As for "the ugly," Lt. Col. Otwell described how the prison system ran on sanctioned bribery.

For every 2,000 dinars (worth about $1 before the war) a family could afford to give a prison official, a relative's sentence would be reduced by one day. Of that, Otwell and Walsh said, 30% went to the ministry, 30% to high-level prison officials, 20% to the orphanages and 20% to the Iraqi Central Bank. In theory, with enough cash on hand, someone could be sprung from jail in a day.

Otwell said the system was perverted beyond simple bribery.

"If you were sentenced to death, and you paid enough money, the prison officials would get an extremely handicapped or mentally ill person in the social welfare system, and they would substitute him for you," Otwell said.

Both he and Walsh acknowledged the monumental task they and the Pentagon's Office of Reconstruction and Humanitarian Assistance face in rebuilding a ministry with 5,000 employees.

Finding those who bear no blame, Walsh said, "is going to be a long process. We don't have a magic solution, and I don't think anyone has it for weeding out good from bad. It's going to be a long, hard road ahead."

But Walsh said she finds a glimmer of hope in orphanage director Jabar. Just one of those 5,000 employees, Jabar built the facility from the ground up three years ago after a career working in Iraqi child-care facilities. She has run it for the past two years on government funding of about $600 per child per year.
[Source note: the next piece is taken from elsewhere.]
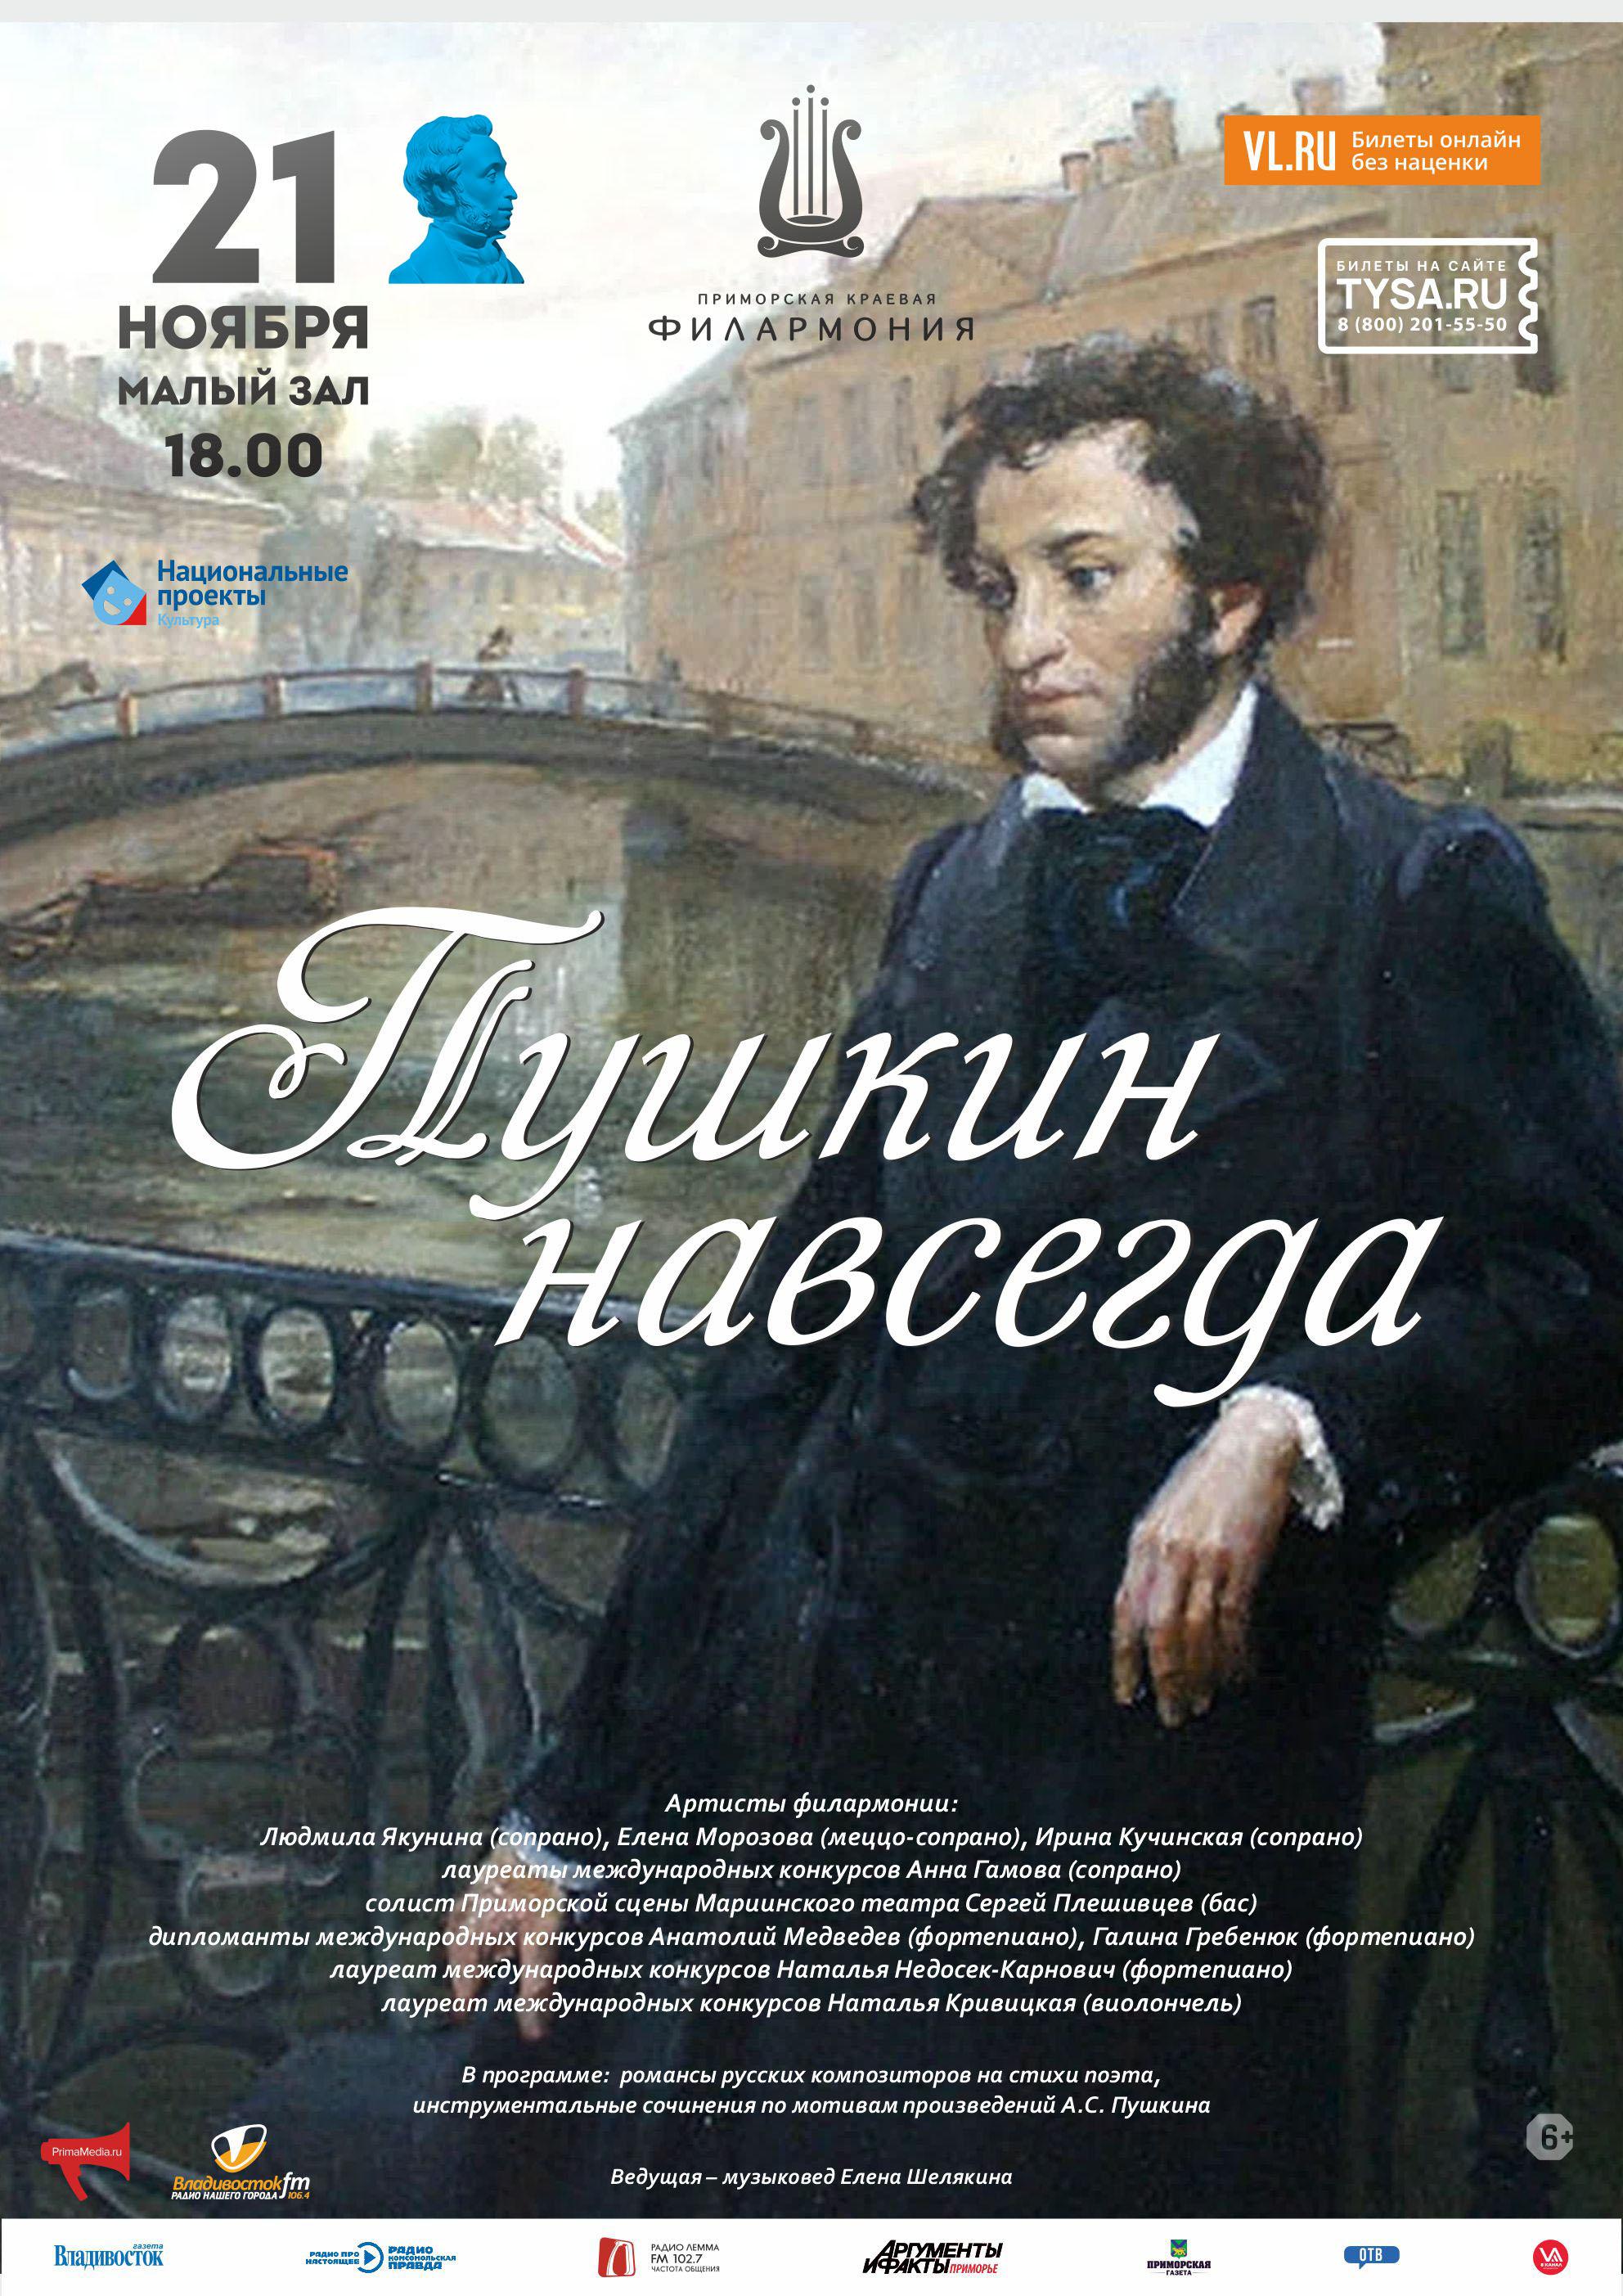 21 ноябряКонцертная программа «Пушкин навсегда»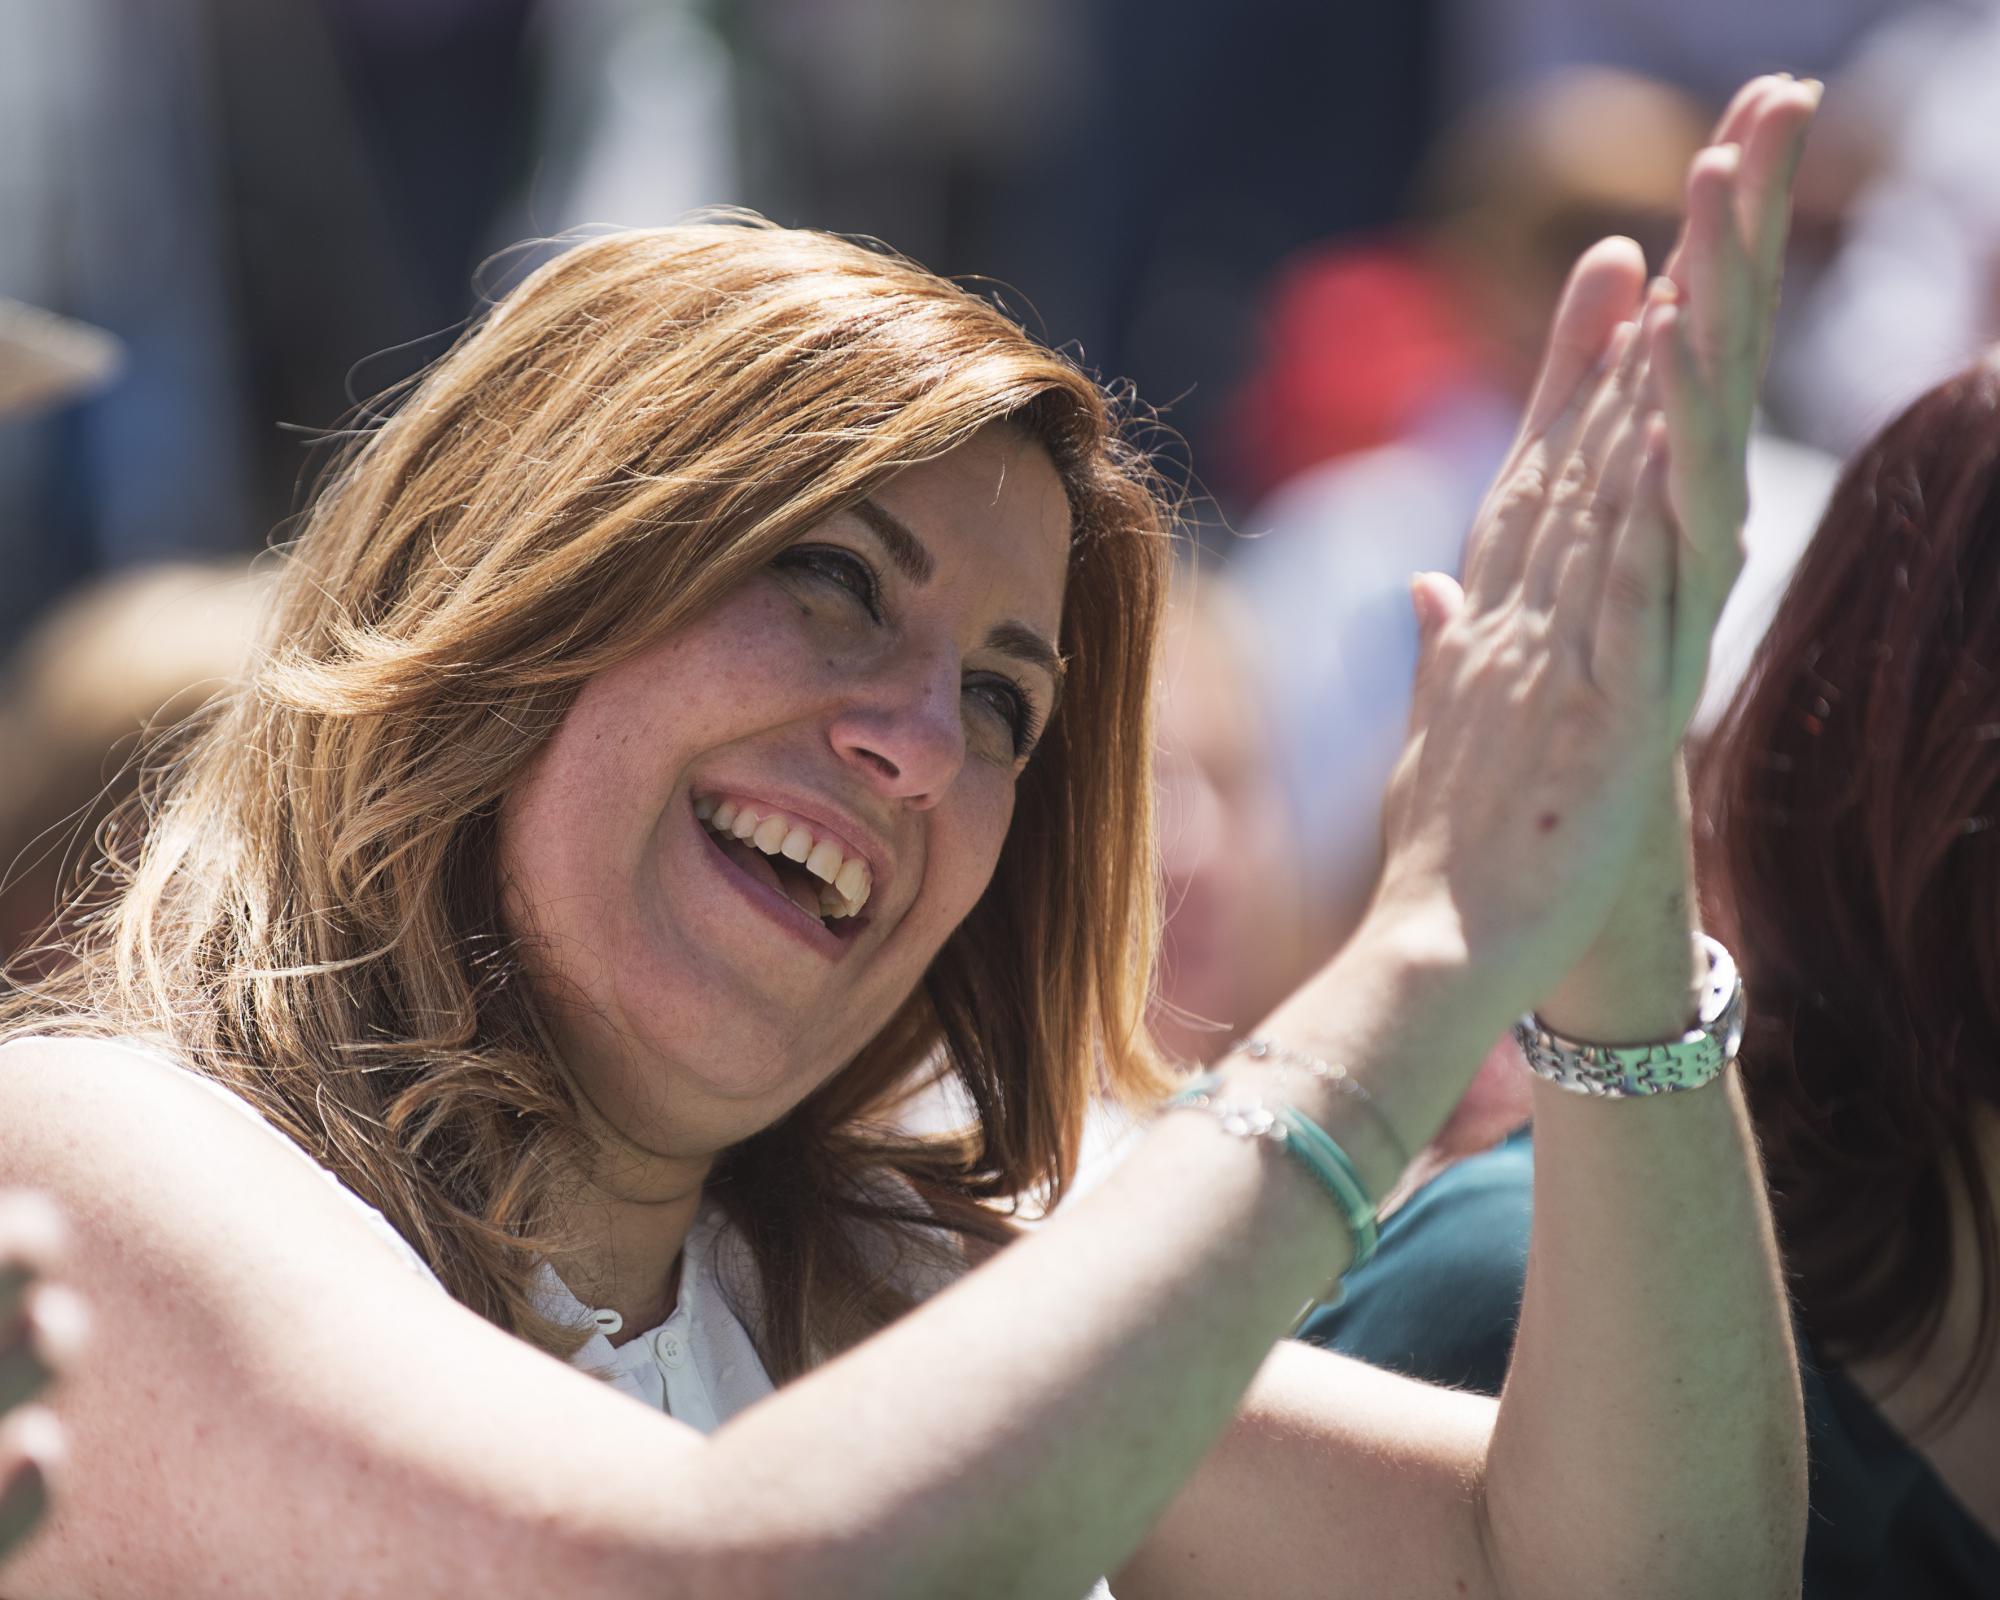 La junta de andaluc a se convierte en la oficina de empleo para los altos cargos - Oficina de empleo andalucia ...

She never knew the exact origins of the money, Walsh said.

Today, Jabar has no idea where she will get funding to maintain her orphanage. The reconstruction agency, known as ORHA, which Walsh now serves, handed out emergency stipends to Jabar and her employees last week.

"But I would do this for a year for free, because, for me, this is work for our own humanity," Jabar said.